◆ GIVEN MATERIAL

####################

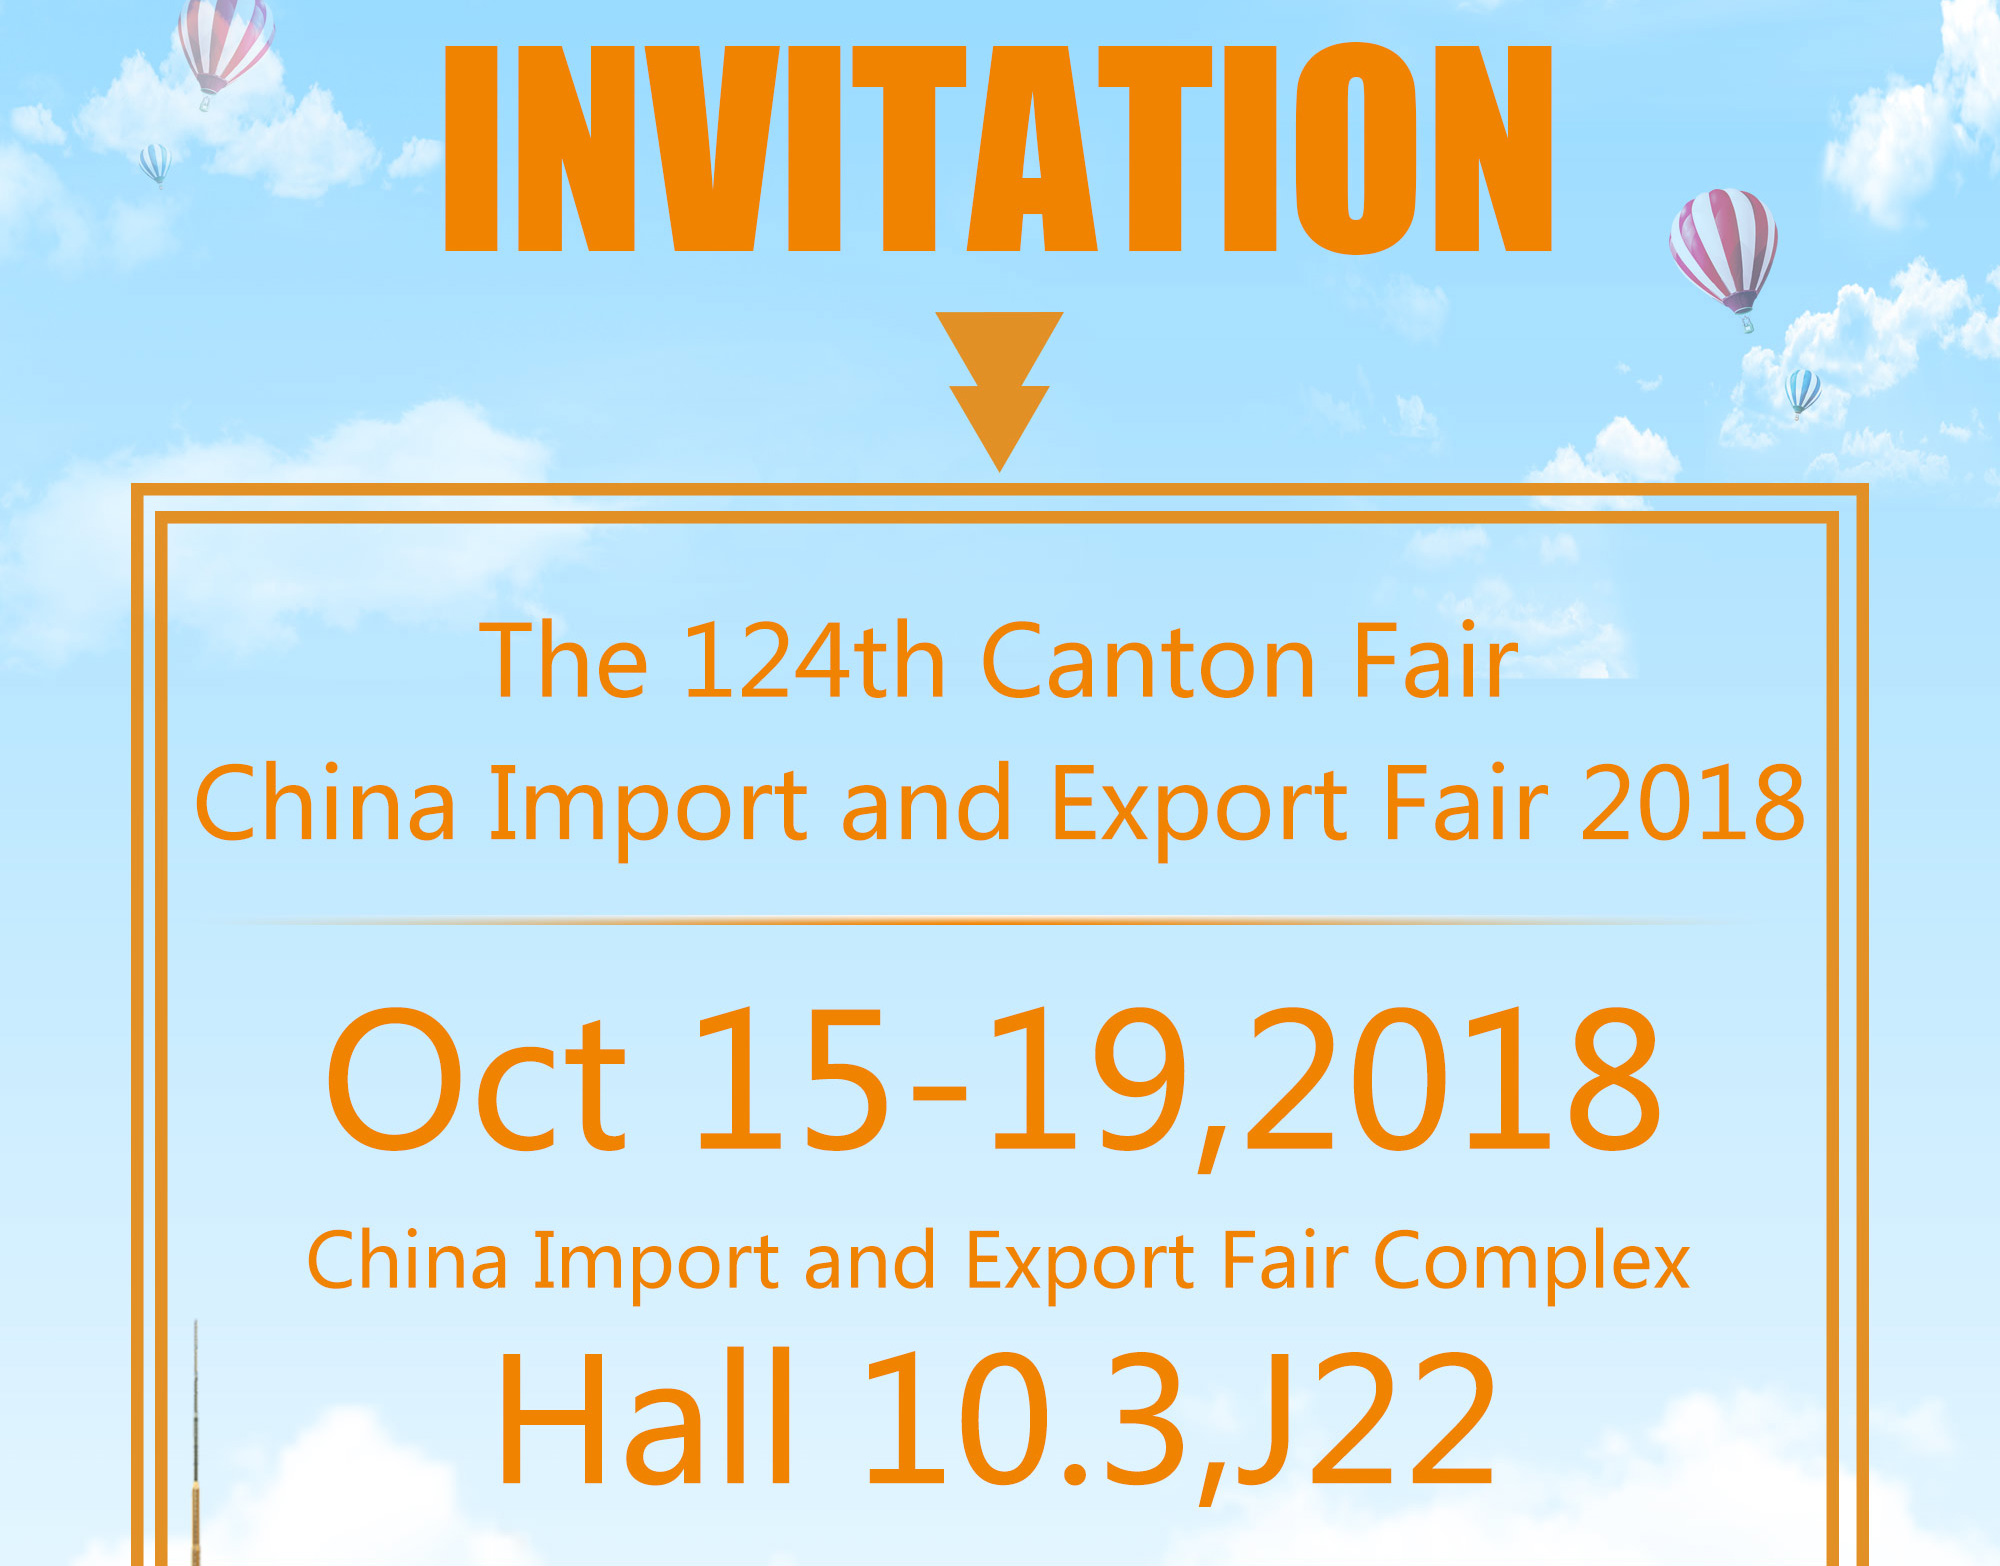 The 124th Canton Fair China Import and Export Fair 2018
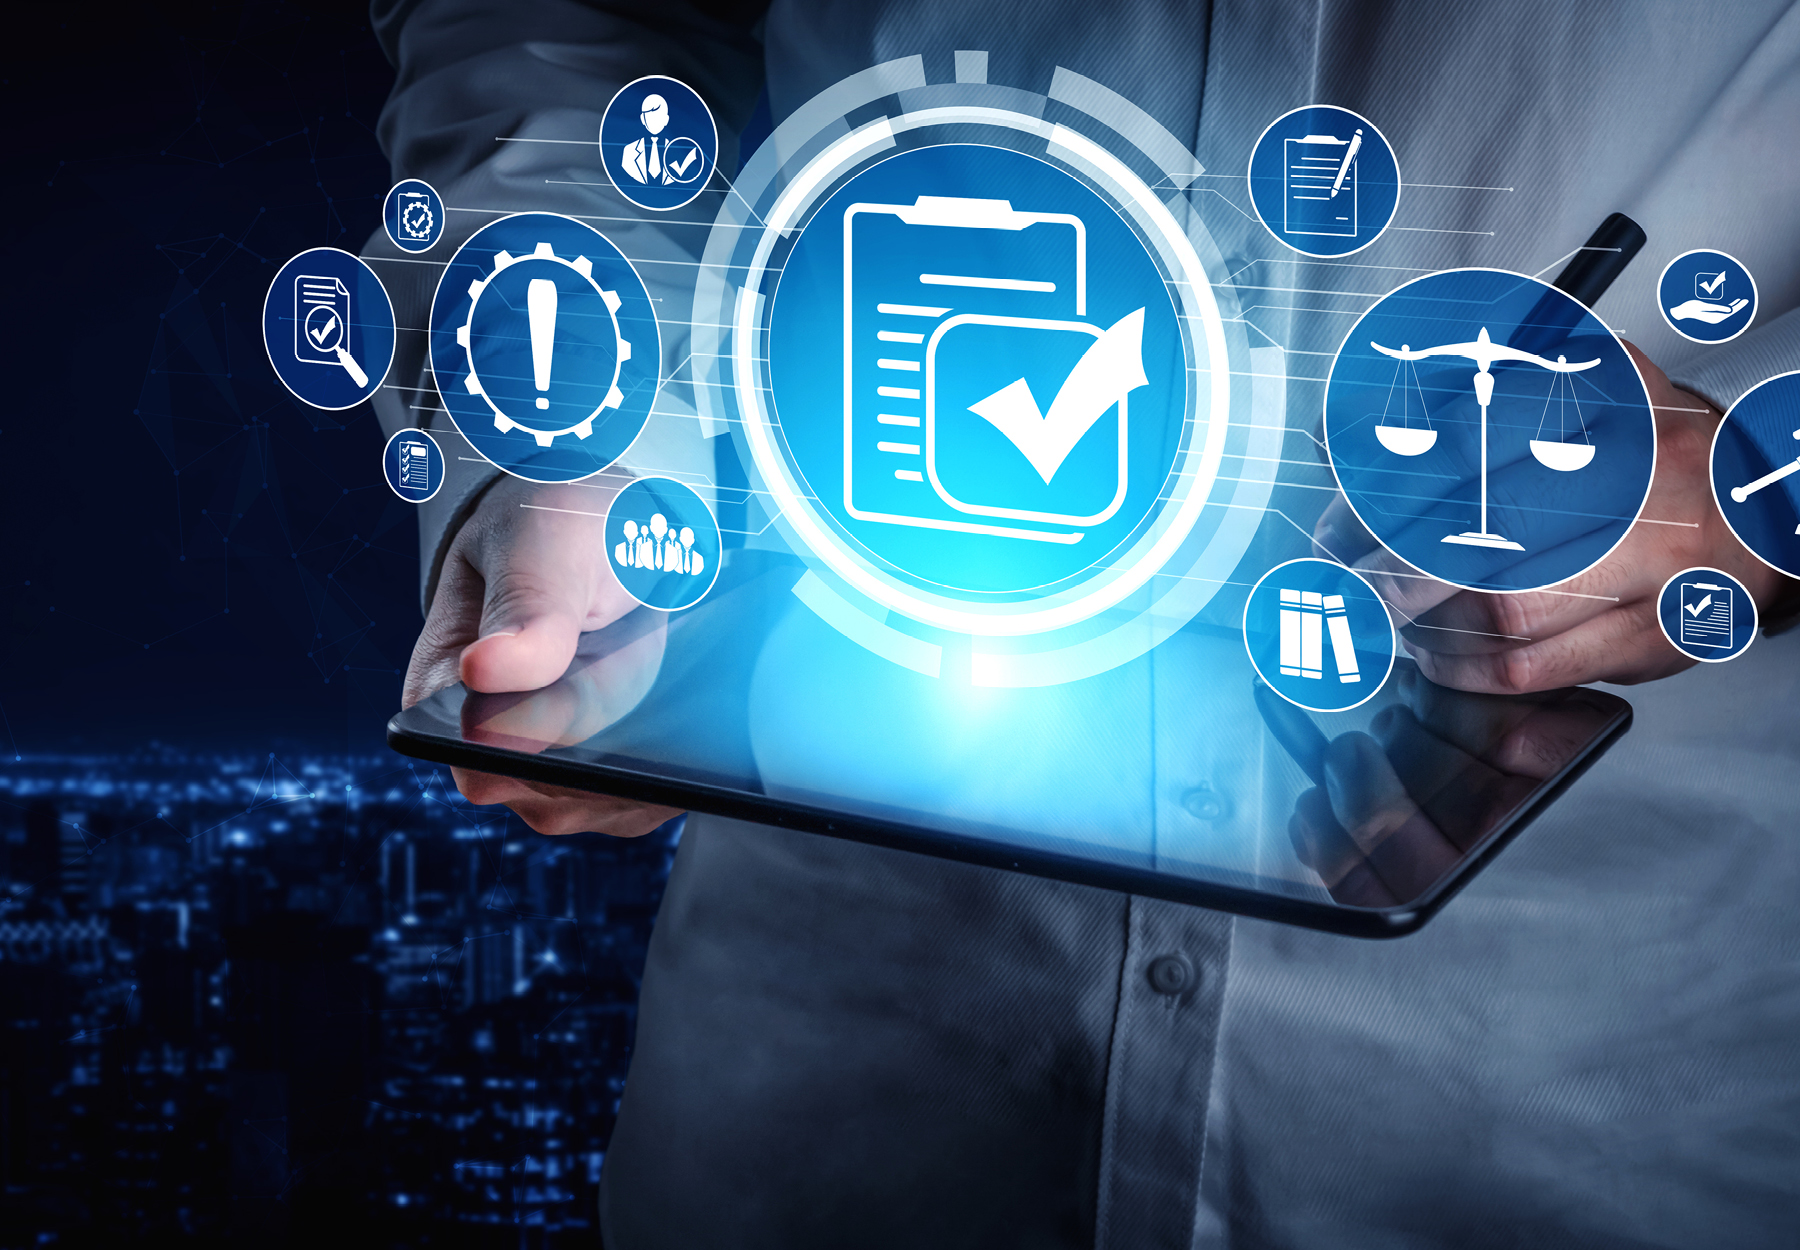 Lab professional in white lab coat is holding a tablet with compliance and legal related graphics coming out. Lab compliance concept. iStock image.
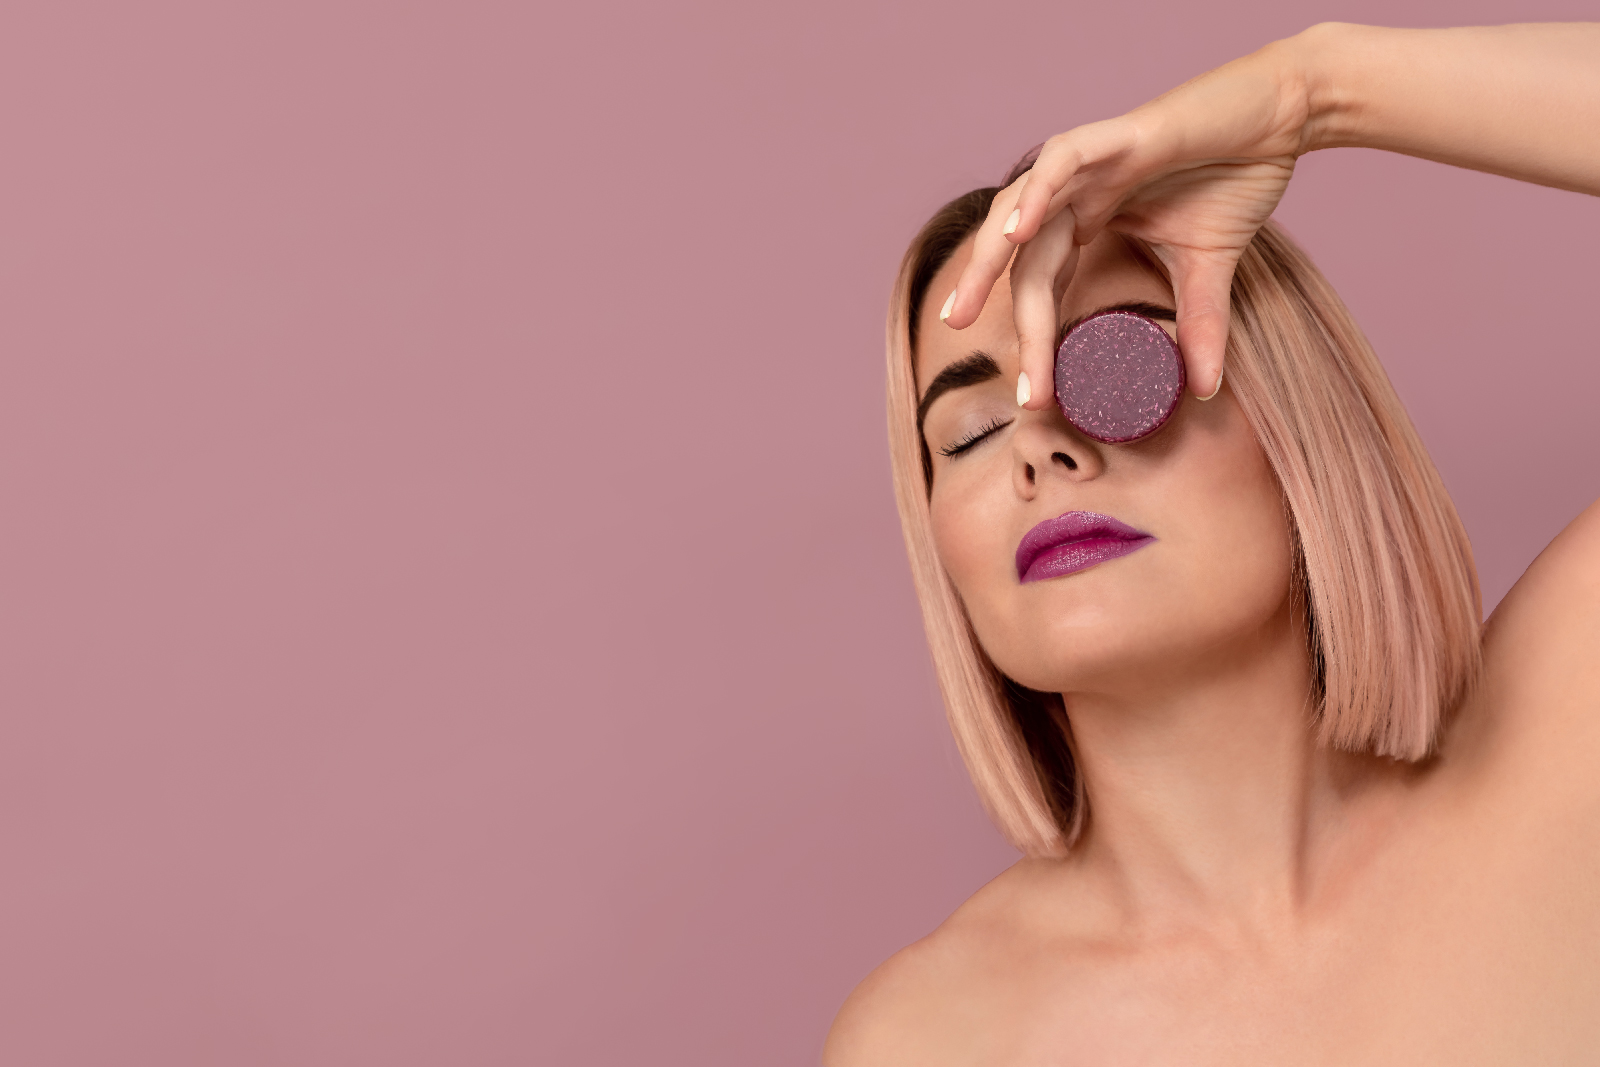 Beauty photoshoot featuring a young woman and a cosmetic container represented on a purple background.
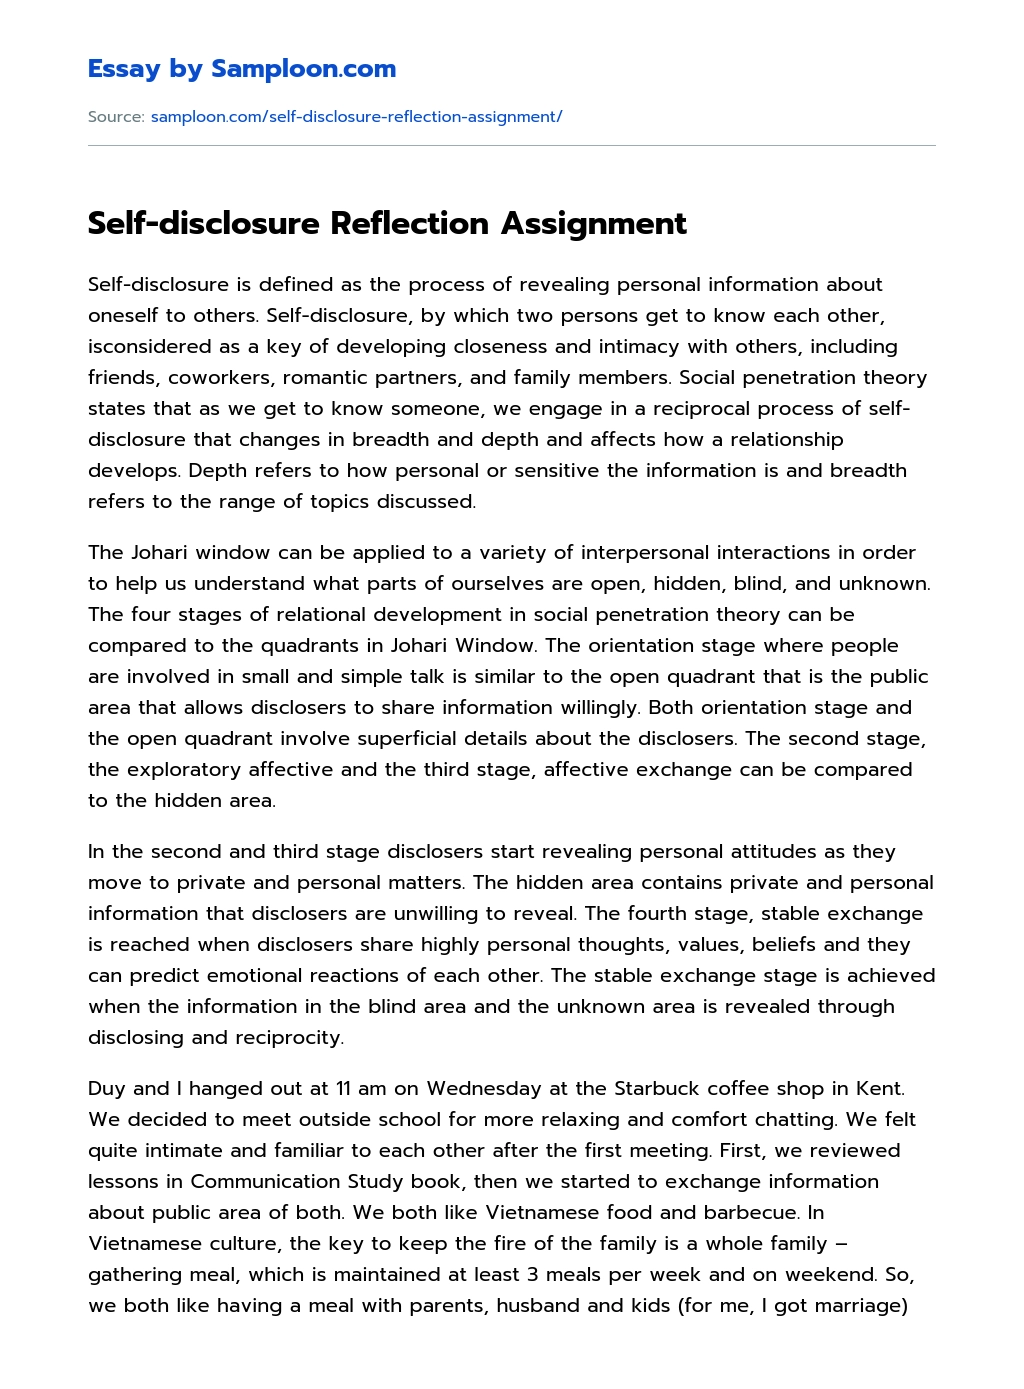 Self-disclosure Reflection Assignment essay

####################

◆ EXERCISE PROMPT
Leaving the pictures out, output all of the listing exactly.

◆ ANSWER BOX
 The 124th Canton Fair China Import and Export Fair 2018
 Lab professional in white lab coat is holding a tablet with compliance and legal related graphics coming out. Lab compliance concept. iStock image.
 Beauty photoshoot featuring a young woman and a cosmetic container represented on a purple background.
 Self-disclosure Reflection Assignment essay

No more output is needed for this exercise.